Of course the idea-a-day thing hangs in the background. I played my “scales and arpeggios” back before I started blogging. And I still regularly keep a journal in that old fashioned way your English teacher told you to do. And email correspondence helps enormously. I like to have fun when I’m answering email from friends – I find that all these forms of writing teach you your chops.
I still think of myself more as an artist than a writer (isn’t it interesting the mental dialog that goes on in one’s head, and the need to classify oneself, and also to have permission to think of yourself in this way or that). Nevertheless, I do a lot of writing these days and more and more I see “a writer” when I look in the mirror. I’m even nervy enough to call myself a “writer” when I meet people.
That’s perhaps the greatest joy in this – the way that blogging has extended my horizons. It’s like a competitive swimmer who starts running or playing tennis for the benefit of cross-training and afterwards develops a skill and deep love for the new sport.
Like our mutual internet friend, the late, great Paul Squires of the blog gingatao, I have also a special fondness for the sentence. He wrote “Australian sentences.” I write some “art sentences” and also “koi sentences.” But I’m definitely not ready to tackle that hard diamond of writing the “tweet.” I will leave it to others to develop that vein in an artistic way. For me blogging is enough and of course we are all wondering how it will expand into new things. It’s an on-going venture.
Today, I am guest posting an Australian blogger Stafford Ray.
Stafford Ray (not his real name) lives on a huge old yacht on the Sunshine Coast (Queensland, Australia) about 2 hours south of where I live.
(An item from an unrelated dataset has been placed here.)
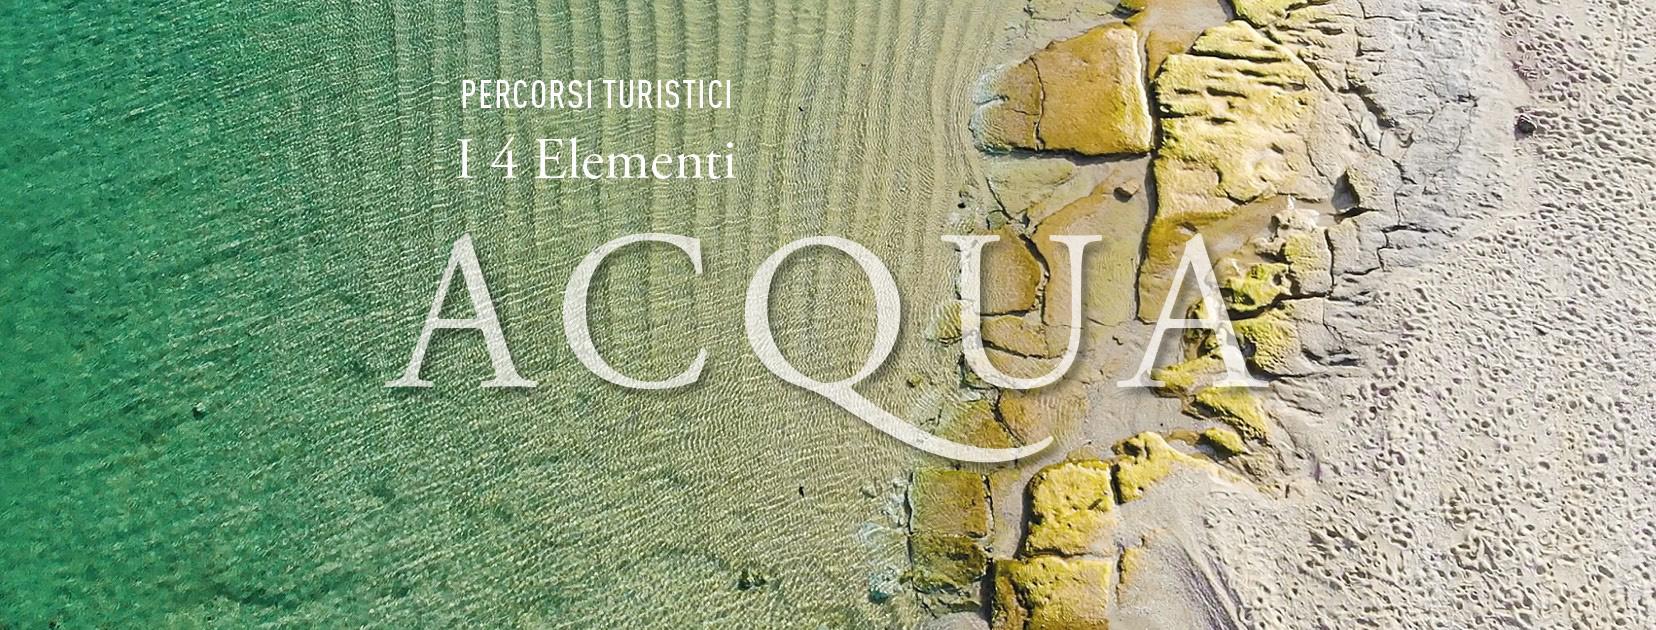 Sinis 4 Elementi - Escursioni nella natura e storia

His blog covers limericks and other funny poems, political satire, plays and short stories, as well as humerous posts about his earlier life as a professional musician in Sydney clubs and TV studios (he notes that he had fifteen minutes of fame with the Daly Wilson Big Band).
Here is one of Stafford’s poems about the classic Volkswagon – one of my favourite cars of all time (Aussie’s have been known to call them DakDaks ’cause of the sound the engine makes on the older syle VW).
1. What made you start blogging and what do you blog about?
Blogging started for me as a means to an end. A few years ago a teaching colleague noticed that kids doing my drama course jumped in reading age over the time of a production. We were preparing to use standardised testing when he was moved away and the new boss wasn’t interested. Then I retired, so although a lot of material was prepared for the trial it never happened, so I was looking for teachers who might like to run a trial.
Meanwhile, poetry and stories came bubbling up and the original plan became less important. I would still like to do it and it does deliver amazing results, particularly with right brain kids and those who are ‘socially challenged’. So teachers out there, mail me if interested.
After having written about twenty operettas and one novel (and have begun two more), I stopped after numerous approaches to agents didn’t get me anywhere. That was so disheartening I gave up, but after Hughsey sent out a notice she was offering blogging courses as part of her Writer in Residence gig at Cooroy, I enrolled about this time last year.
2. What is it about blogging that you love?
I am such a show off! I just love the making people laugh and GB, you are the best laugher! But I am also a teacher and have been encouraging tryers all my life, so I enjoy reading other people’s work and of course, commenting. It is becoming a community for me with my few closest ‘friends’ and many friendly people I am yet to really get to know and an unlimited number of people I have yet to meet! It is an awesome way to exercise the brain and to socialise.